Land: But, there is a problem about my dream. Today, there is no land for every family. But, we don’t needed. As I said, my grandmother had the land but generated the food for two more land-less families. Today, in Bulgaria, there are many families living in the city without land who are direct consumers to families farming in the villages.
The learning here is that the future needs to reborn the local connections between cities and their nearby villages. It is a challenge because of the global migration but maybe we can try to brainstorm solutions.

Forest: The biggest crisis to me is the killing of the forest. The forest is a machine for rain and water. We urgently need a large effort on a global scale to restore it. The problem here is the interests behind the modern ways to build a forest- mostly commercials. Then, the types of trees are limited number of variety which bring us to the green desert. First, we need to engage with those capitals in a positive way to show them their lost in profits. Once, the capital interests are convinced that variety in the forest means more profits the same as diversification of the investment, we can build a forest farming which shows to be much more sustainable and with higher production rates.

In my dream about the future, I see the rise of a new culture where local communities grow in a wonderful and rich forest and where the land multiplies over the earth in falling gardens.

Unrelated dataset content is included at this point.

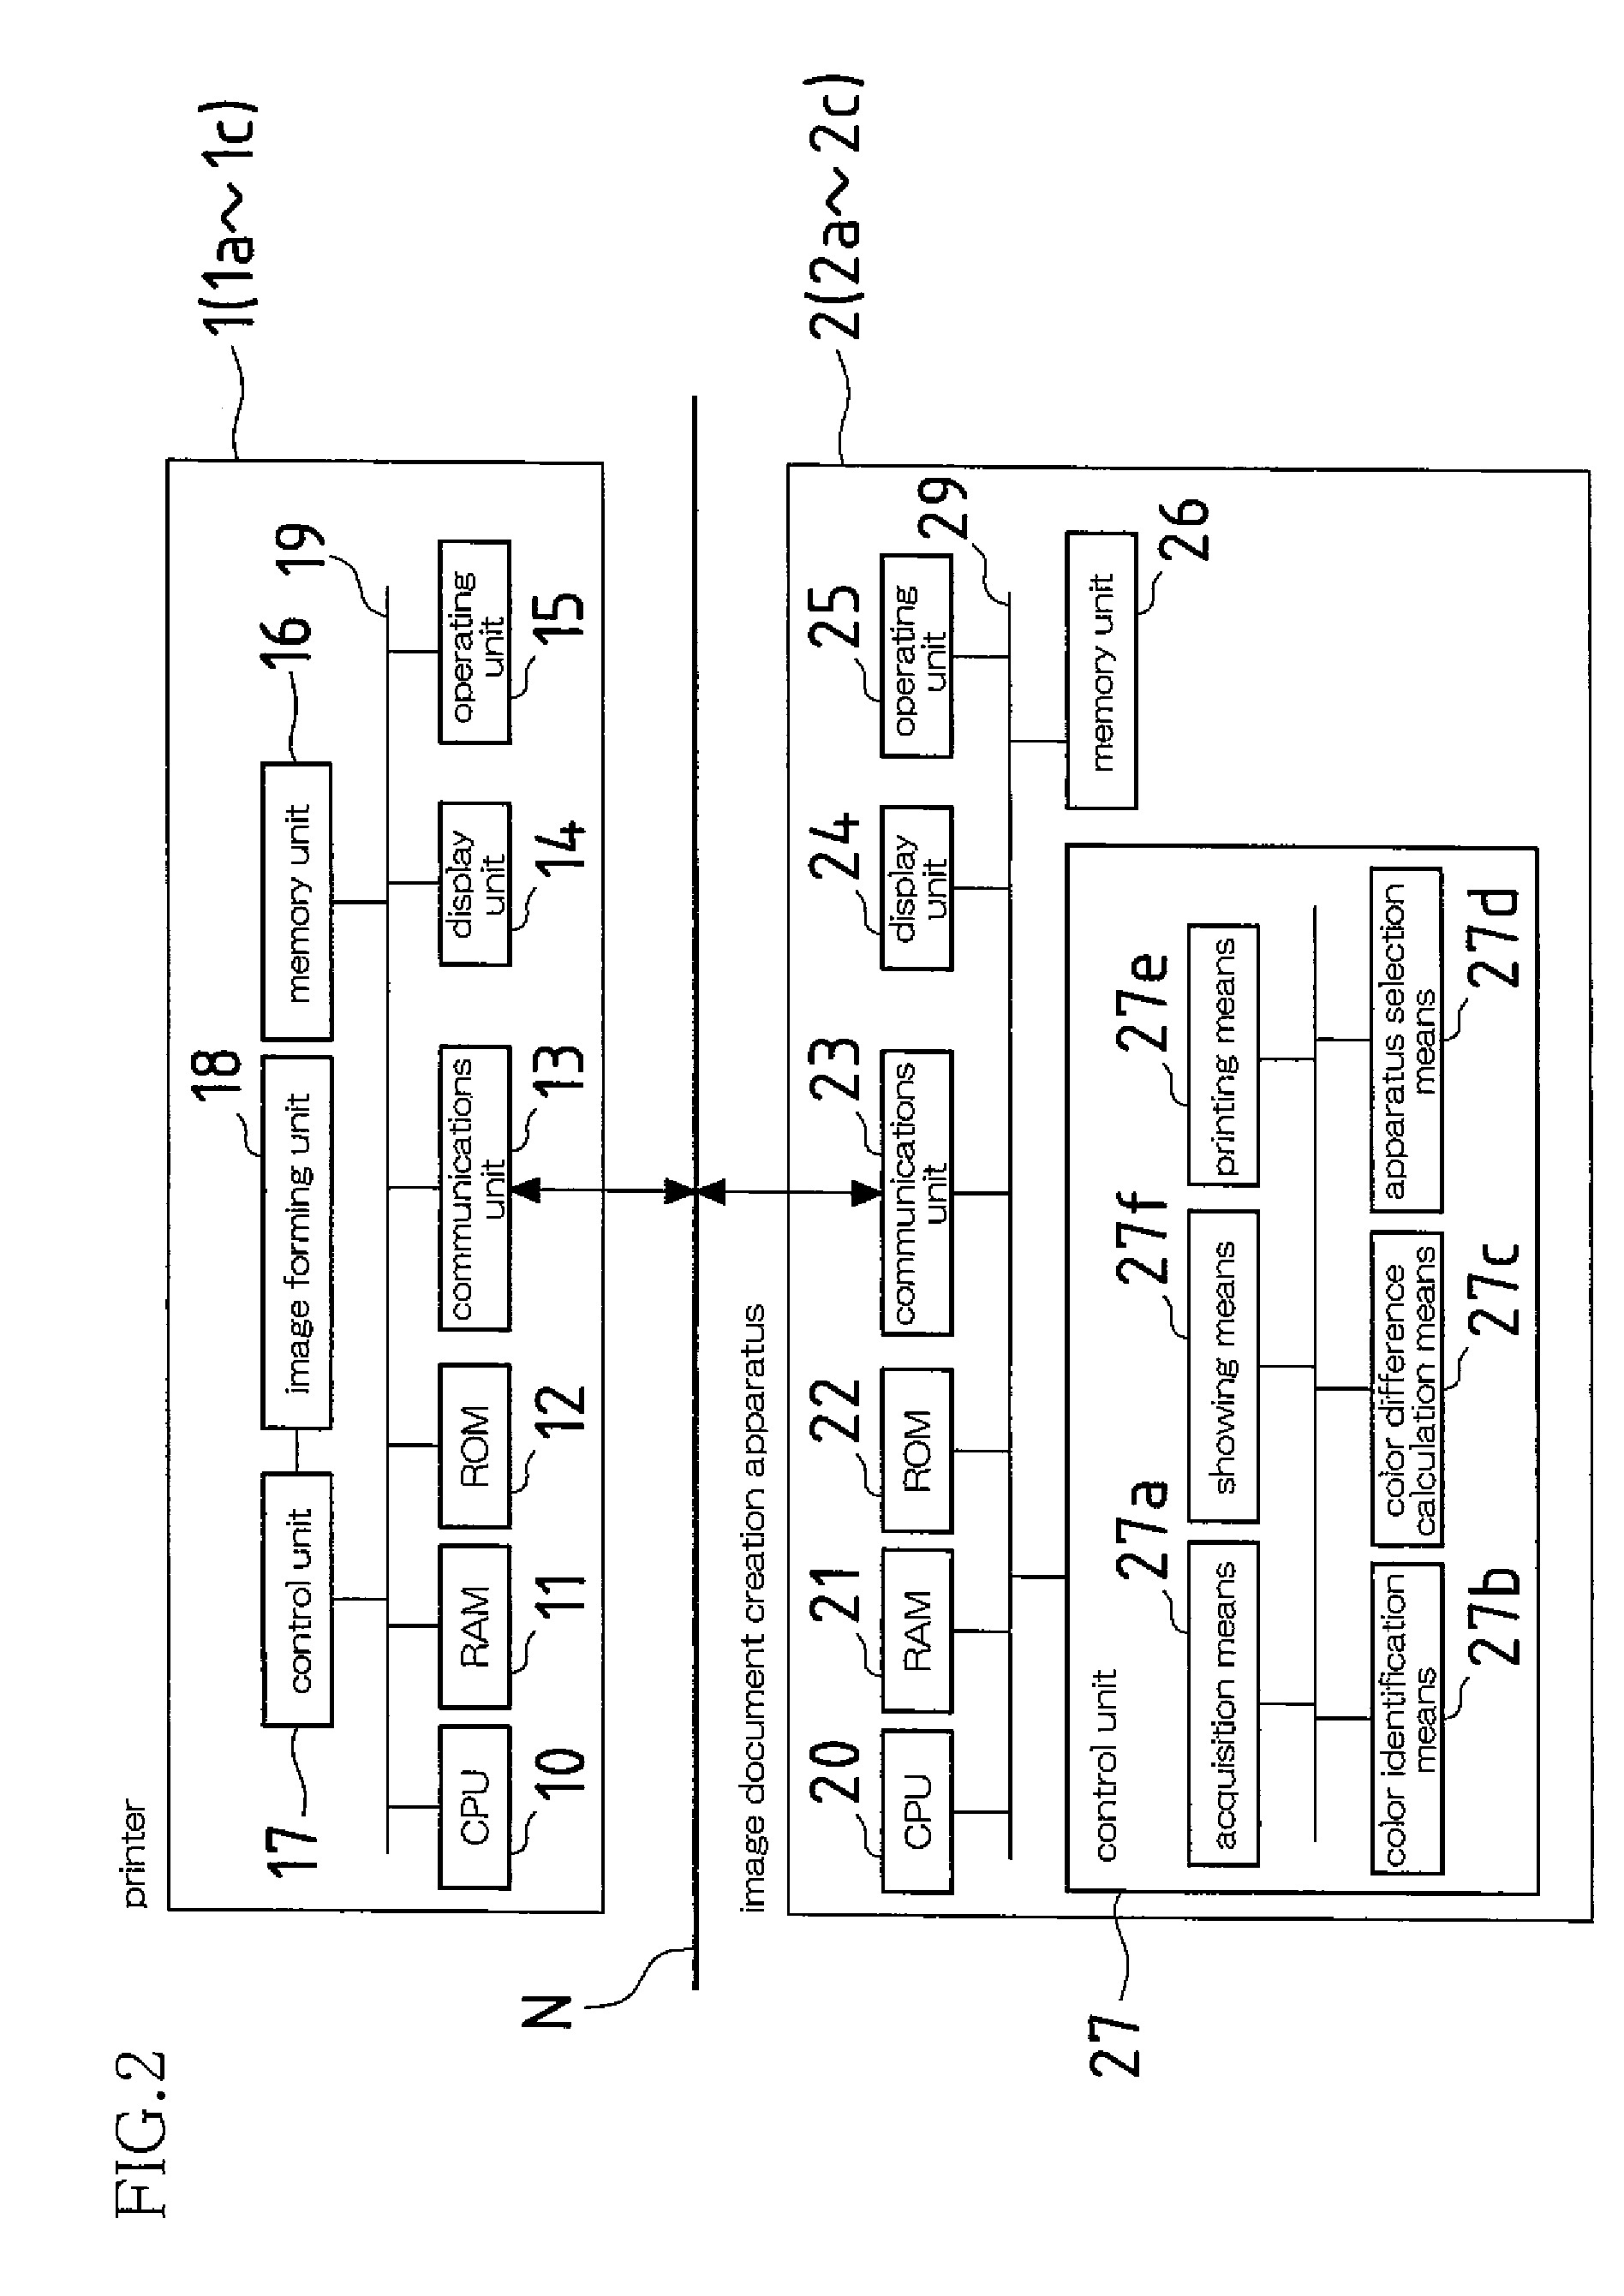 Image document creation device, method for printing image document, program for printing image document, and recording medium

@CREAIDEALAB, you may have seen this already, but sharing also for the sake of others: XPRIZE released its Future of Forests Impact Roadmap several weeks ago and we are currently gauging sponsor interest in funding forest-related prizes.

One of the things we discussed in the forest community was getting people to recognize the value of forests. I think that ties in with what you’re saying about a connection to the land. I wouldn’t argue it’s about land per se. We live in a second-floor apartment in a big city, but we grow tomatoes and cucumbers in a hydroponics garden. There are plenty of such urban farming initiatives, small-, medium- and large-scale. That seems worthwhile to me.

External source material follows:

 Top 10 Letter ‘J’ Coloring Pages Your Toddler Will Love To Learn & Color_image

Water Stress is another important problem the world is facing today and in the next few decades, it will turn quite serious. The Capetown Water crisis incident has notably sifted concerns to every country of the earth.
Water quality is projected to be deteriorated in the coming decades as effluent from nutrients from wastewater, agriculture
With the change in climate and depleting resources, irrigation requirements and access to the water supply will suffer.

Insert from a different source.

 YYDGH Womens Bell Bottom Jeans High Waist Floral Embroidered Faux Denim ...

We see this happening today, particularly where municipal and industrial wastewater is partially treated and then used as irrigation water for agriculture.
Therefore, a key challenge for stands for water resources management agencies for the development of new advancements of supply.

The date is unnecessary and food, by definition, is or at least should be nutritious and healthy. Otherwise, it’s not food. “…and with minimum adverse environmental effects” can be shortened to “sustainable” which also covers resilient, profitable, and affordable.

How about:

“Imagine living on a civilized planet, where more than enough food is sustainably produced to satisfy everyone’s dietary needs.”

Civilized implies living harmoniously with one another and the natural systems. It also suggests hunger would come to an end, which would tend to increase harmony with one another and the natural systems. It may be idealistic and ultimately unattainable, but it’s a direction, a ‘North Star’ as Nick puts it.